作为徒明晅明面上安插进来的钉子(可想而知暗地里也不可能没有),元春其实并不指望墨香全然的反水。
但是若是墨香总在忠诚于徒明晅的同时完全忘了元春的话,那么将来也不指着墨香能成那个雪中送炭不离不弃的人。
之前为了拉拢墨香,元春甚至不惜暂时疏远抱琴。
但是如今看来,收效甚微。
左右元春也只是试试能否拉拢得了墨香罢了,若是不成元春虽然也有些沮丧,但到底放弃了也没什么可惜。
若是日后有机会,元春自然也能将这事儿再捡起来,但是若是墨香自始至终都这副模样,元春也总能在自己失宠之前先将墨香打发出去。
元春出了凤藻宫就上了轿撵。
四个小太监稳稳当当的抬着轿撵,抱琴和两个小丫头则跟在轿撵边上走。
元春坐在轿撵上,略微闭目养神了一会儿。
她心里很清楚,一会儿请安时总是有一场仗要打的。
这宫里传播的最快的就是消息。
昨日是元春的封妃大典,若是元春是个得宠的,圣上就该晚上给她面子去凤藻宫里歇着的。但偏巧徒明晅虽去了凤藻宫,但也很快的就从凤藻宫里出了来,彤史上也没任何的记载。

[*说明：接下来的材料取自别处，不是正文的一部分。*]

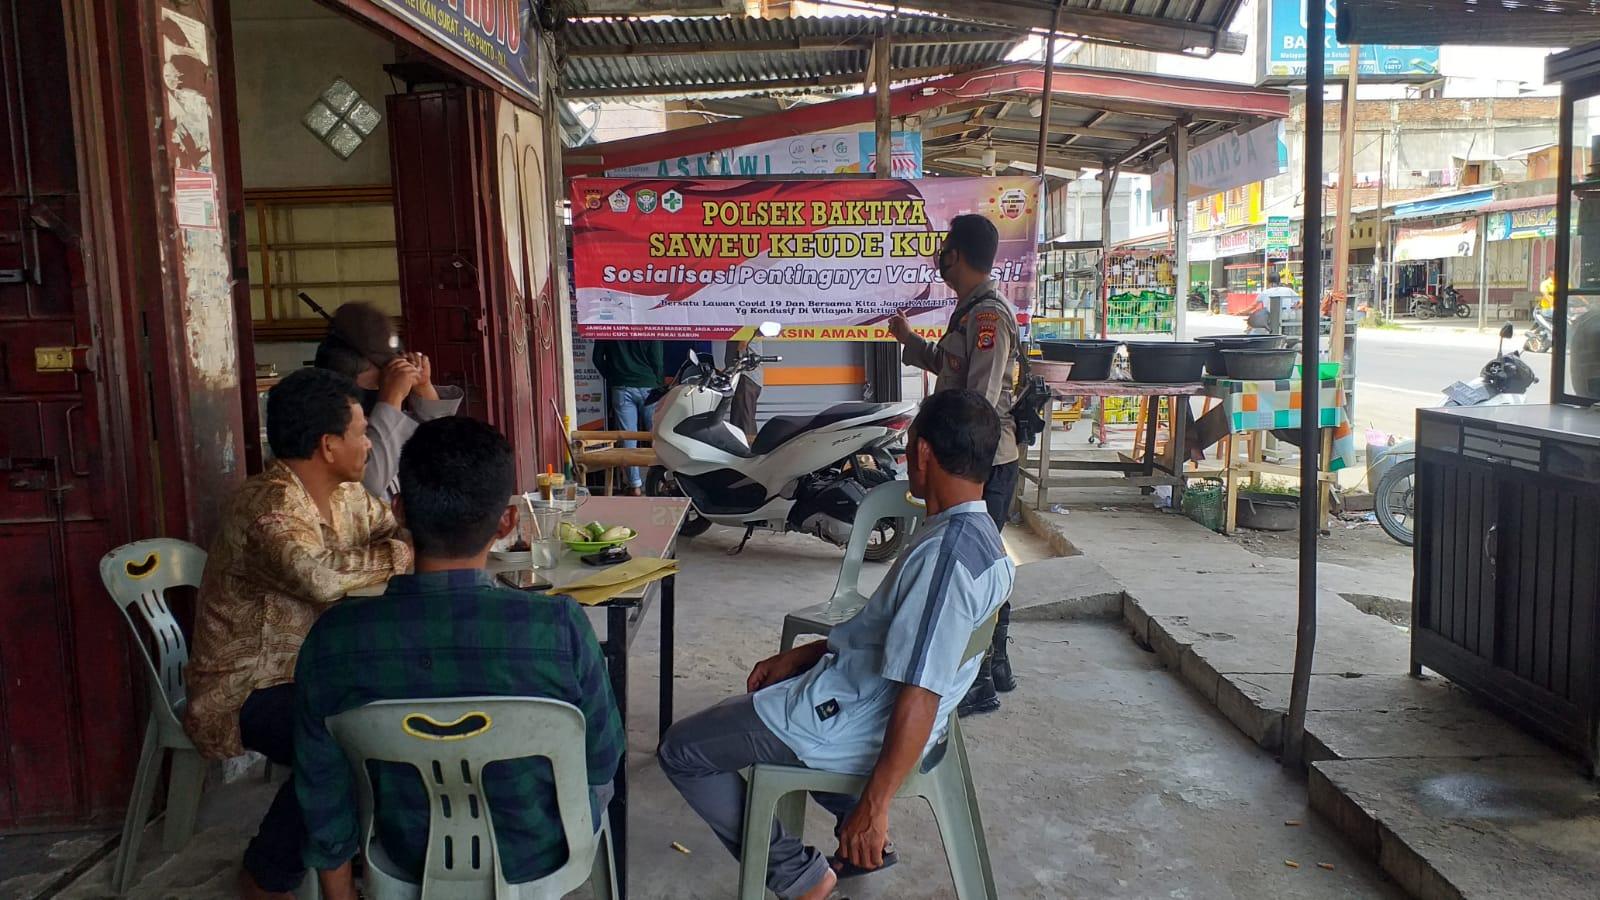 """Saweu Keude Kupi"" Jajaran Polsek Baktiya Polres Aceh Utara Terapkan Sosialisasi Vaksinasi Di kedai-kedai Kopi"

这消息不过一晚上便传遍了整宫上下,不少人都猜测元春是惹恼了圣上,就此遭了圣上的厌弃。
而元春要做的,就是把那些敢对她挑衅的都狠狠的打回去。
元春虽然没有运筹帷幄决胜千里的大智慧,但至少在猜测后宫动态时还是很得心应手。
因为住的地方离皇后这里比较远,再加上轿撵的速度毕竟与人不同,元春第一天做轿撵的时间委实安排的并不是特别好。
虽然并不是最后一个去的,但是元春去的其实也已经不算很早了。
皇后娘娘仍是一副老面孔,但旁的人的小嫉妒心思几乎已经将整个皇宫淹了。
元春在皇后宫外就下了撵,然后由抱琴扶着往里面走。
给皇后见了礼之后,元春便直接坐到了左首第一张凳子上。
这位置正好是安嫔的对面,仪嫔的上首。
仪嫔早早的就来了,倒是安嫔仍旧没到。
元春只对着安嫔座位下手的简嫔略点了点头,倒是什么都没说。
仪嫔这里倒也有意和元春亲近一些,倒是小声找了些衣食首饰的小话题和元春套套近乎。
端看仪嫔会诞下二皇子,元春其实就并不很想和仪嫔亲近。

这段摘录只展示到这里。